Do you believe that anyone should walk around and insult someone in their own home? How disrespectful and hurtful that mother's comments were and she herself made her feelings known with NO FILTER"s whatsoeer! It is a lack of respect and the writer had a write to complain about it. She lives in America!
Wednesday 04 August
By Tina
well said Tom! People always are quick to bash a MIL.. but there are plenty of dil out there that need realize they are not the perfect gift to the family they think they are. Perhaps her MIL was overt in her comments.. Obviously rude in many, but that said, she is still the lady that bore her husband and she isn't likely to go away..I imagine she wasn't impressing the MIL with her blogging in her presence either.
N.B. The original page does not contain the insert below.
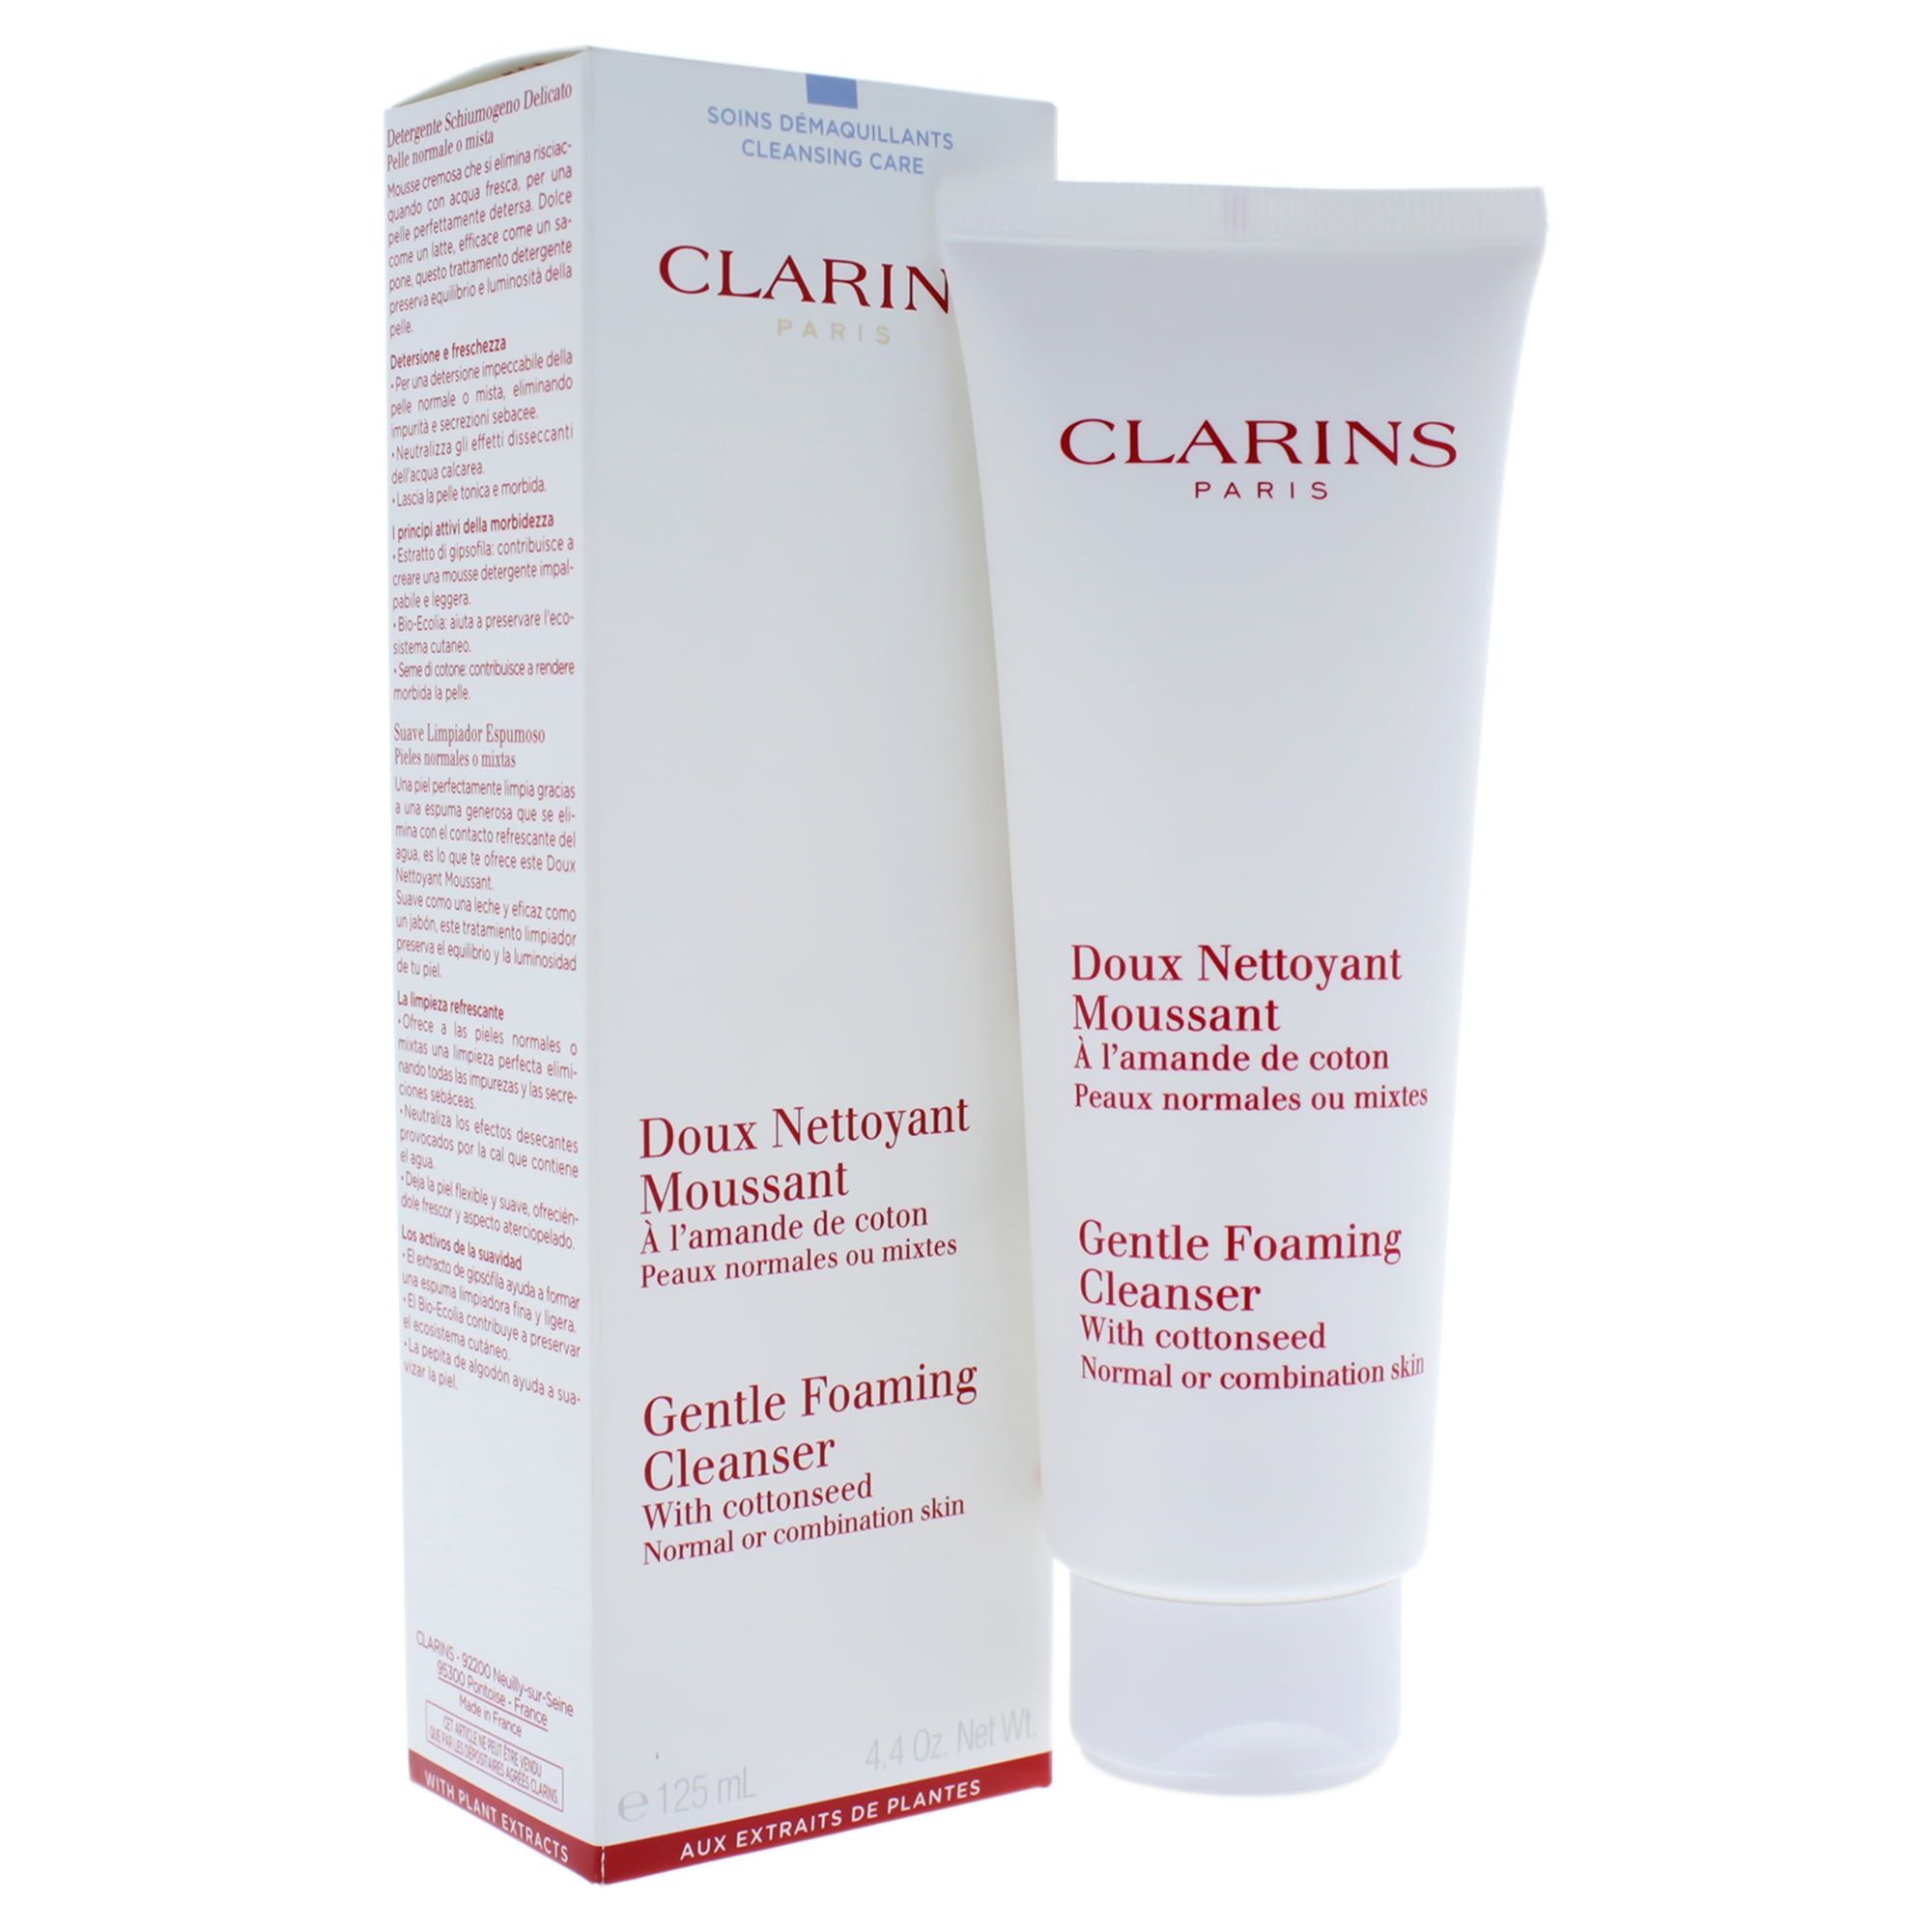 Gentle foaming cleanser. Кларанс doux nettoyant moussant. Clarins doux nettoyant moussant gentle Foaming Cleanser. Гентле Фоам. Clarins Cleansing Cream.

I am blessed by my FIVE DILs but it wasn't always that way.. It takes work on both parts.. I don't think I will every understand this need the current generation has to vent their emotions and every little detail of their lives on the internet... Once it is there, it never disappears.. a lesson for all can be gathered from this..
Tuesday 03 August
By klee
^to Tom and to sil, P' ' ' . Get over yourselves! Her MIL is a nervy,nosey, busybody who doesn't think before she opens her nasty mouth. MIL is selfcentered and mean. New mamas need nuturing and self confidence; not rudely critisized and torn down.